The Python list is a powerful data type with a lot of functionality, so we’ll cover it in several posts. Here we start with some of its basic properties.

First, it’s important to understand that Python supports four different built-in compound data types: lists, tuples, sets and dictionaries. Each of these has its own set of rules and peculiarities.

A list is an ordered, mutable collection of data elements. It allows duplicate elements, that is, you can have 2 or more elements of the same datum in a list.

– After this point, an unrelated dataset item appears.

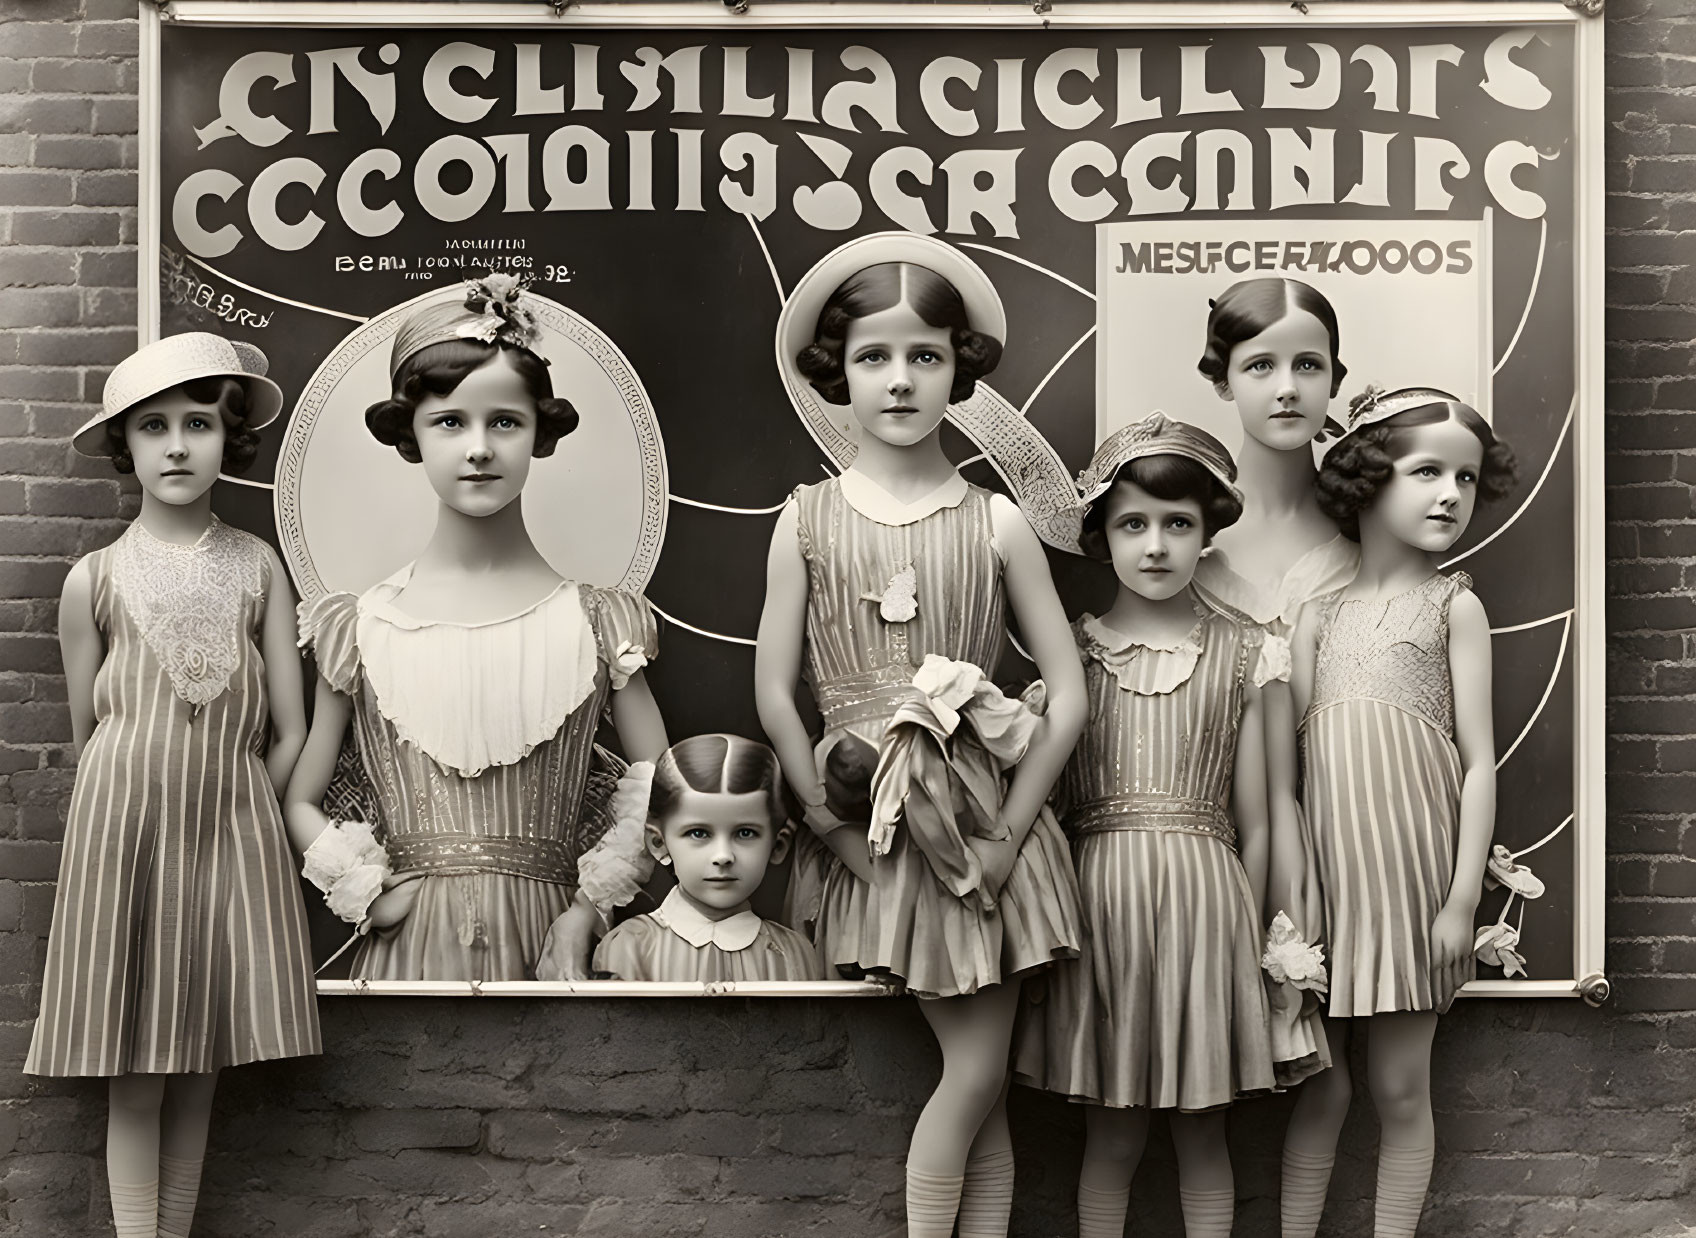 Six young girls in vintage clothing posing with alphabetic signs in nostalgic photo.

By ordered, we mean that the items in a list are stored in a definite order, so that, if we access say the fourth element of the list, it will always be the same datum (unless we’ve modified the list in the meantime). It’s important to note that ‘ordered’ does not necessarily mean ‘sorted’, so, for example, numeric values in a list need not be in ascending order (although it is possible to sort the items in a list, but that’s a different operation, as we’ll see).

By mutable, we mean that the contents of a list can be changed, either by adding or removing elements, or by changing the data stored at an existing list position.

As Python is a dynamically typed language, the elements in a list need not all be of the same data type, so we can mix ints, floats, strings and even other lists as elements within a given list.

At this stage, it’s useful to play around with lists in the PowerShell, so start one up and type ‘python’ at the prompt to enter the Python interpreter.

A list is specified by typing its elements, separated by commas, between square brackets. For example:

x = [1,2,2,3,4,4,5]

If you now type x at the prompt, you’ll just get [1,2,2,3,4,4,5] as the response.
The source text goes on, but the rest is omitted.